Background: Trisomy 14 as the sole abnormality is a rare finding in association with myeloid malignancy. Published literature is limited and the prognostic impact of this cytogenetic change is not well established.
Design: Patients with myeloid neoplasia that contained isolated trisomy 14 were included. Cases with i(14)(q10) as the sole acquired change were also included in the study.

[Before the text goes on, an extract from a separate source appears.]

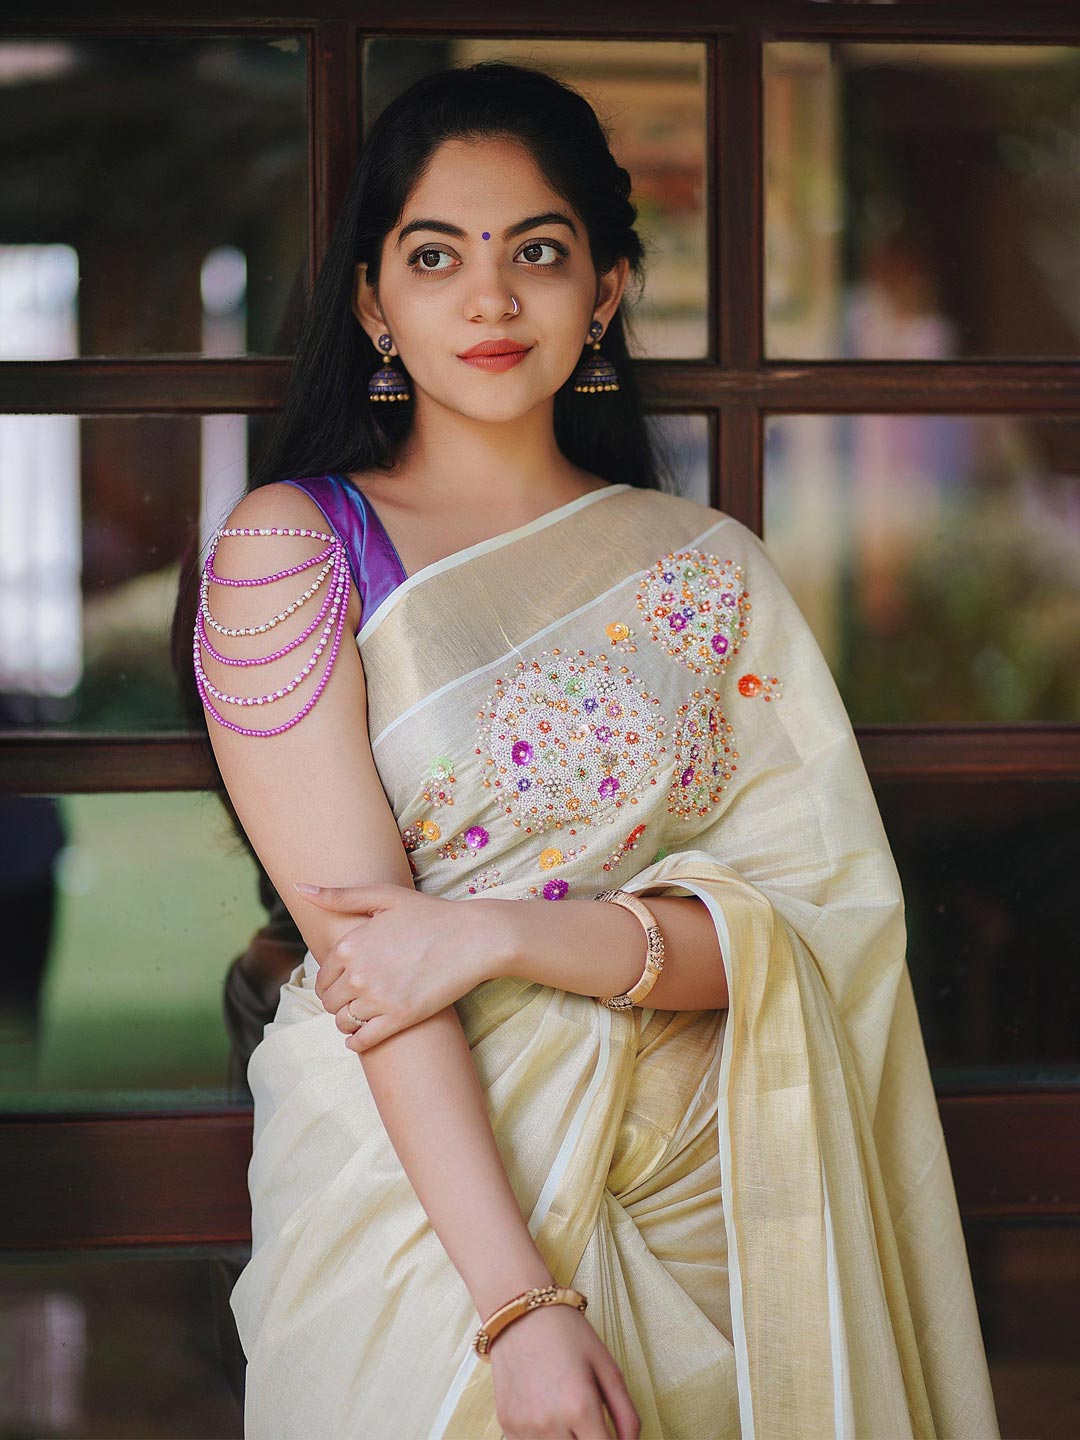 Mother Of Pearl Kerala Saree – Vedhika Fashion Studio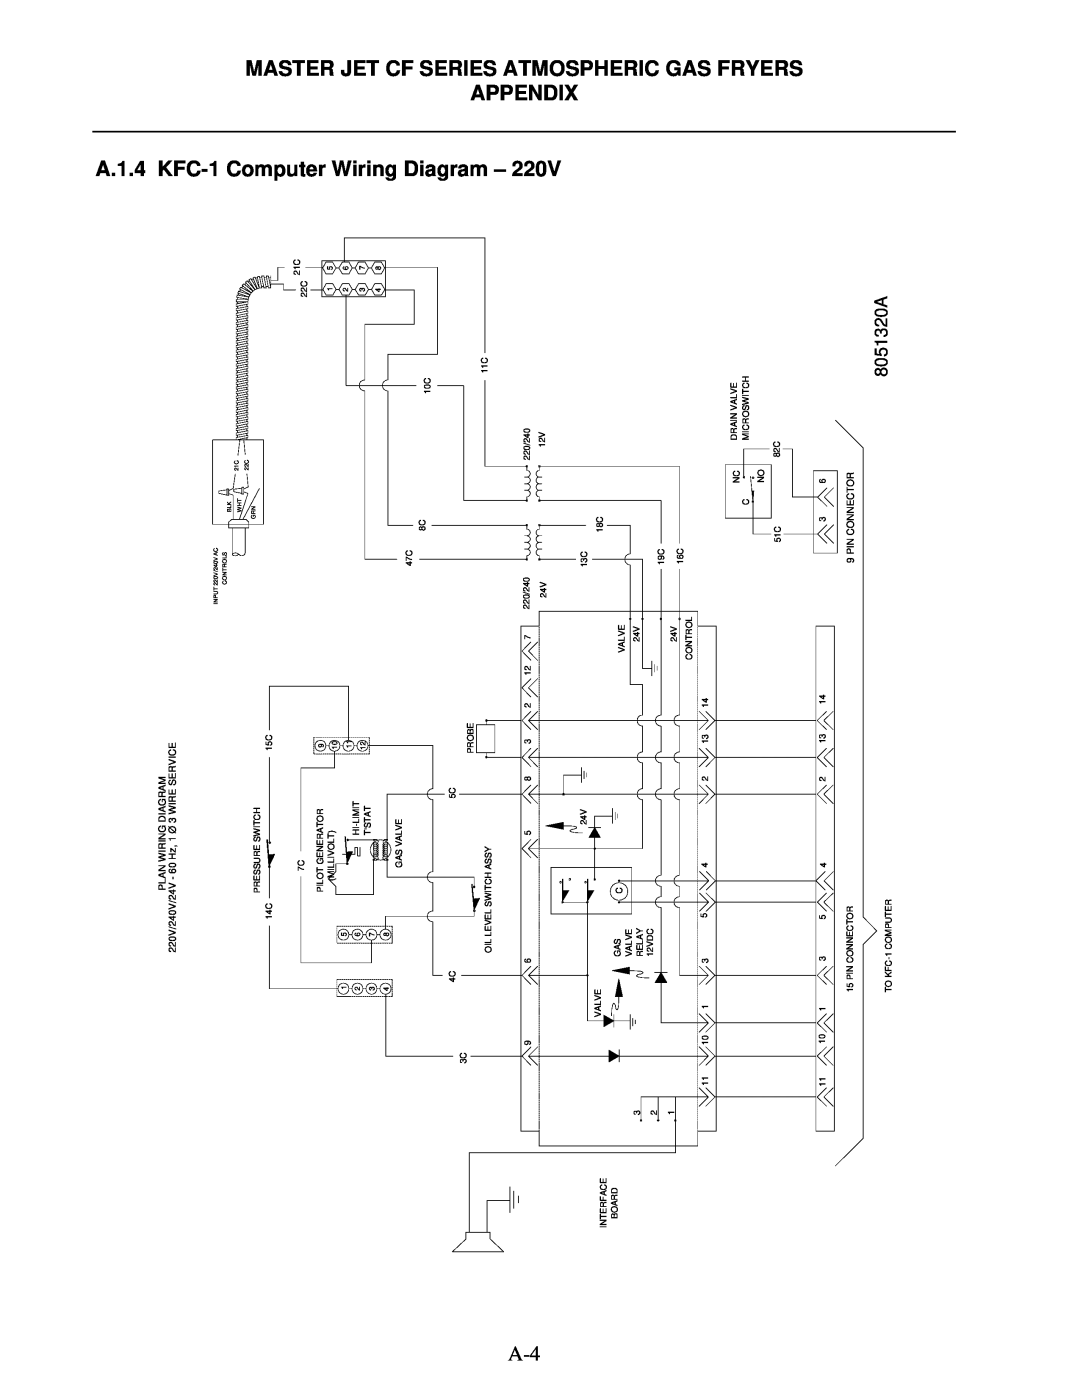 Frymaster JCFX, MJCFEC A.1.4 KFC, Computer Wiring Diagram, Master Jet Cf Series Atmospheric Gas Fryers Appendix, 8051320A

Results: A total of 16 cases were identified from the database between 07/98 and 01/09 at our center. Twelve cases had trisomy 14, and 4 had i(14)(q10). The median age of disease onset is 69 years (range of 57-86 years) with a male predominance (82%). According to the 2008 WHO classification, our cases were categorized into myelodysplastic syndromes (MDS) (7 cases), myelodysplastic syndromes/myeloproliferative neoplasm (MDS/MPN) (5 cases), and acute myeloid leukemia (AML) (4 cases). Of the 7 MDS cases, 4 (57%) were intermediate to high risk MDS (refractory anemia with excess of blasts 1 or 2) and 3 were low risk MDS (1 refractory anemia, 2 refractory anemia with ring sideroblasts). In the MDS/MPN group, 4 cases were chronic myelomonocytic leukemia and 1 was MDS/MPN, unclassifiable. Three AML cases were classified as AML with maturation and one as AML without maturation. 43% of MDS and 20% of MDS/MPN patients evolved to AML with a median interval of 16.5 months. Mutation data of oncogene KIT, RAS, FLT3 and NPM1 were available for 14 patients and class I mutations were relatively uncommon. FLT3-ITD mutation was identified in one AML and one MDS patient, whereas K-RAS mutation was found in one MDS patient. Thirteen patients had trisomy 14 at their onset of diseases. Interestingly, 3 MDS patients initially presented with a diploid karyotype and a trisomy 14 clone occurred subsequently; 2 of the 3 patients progressed to AML. At the last follow-up, a median survival for the group of MDS, MDS/MPN, and AML was 21, 31.5, and 9 months, respectively. The 3-year overall survival rate was 50% (n=6) and 50% (n=4) for MDS, and MDS/MPN patients, respectively.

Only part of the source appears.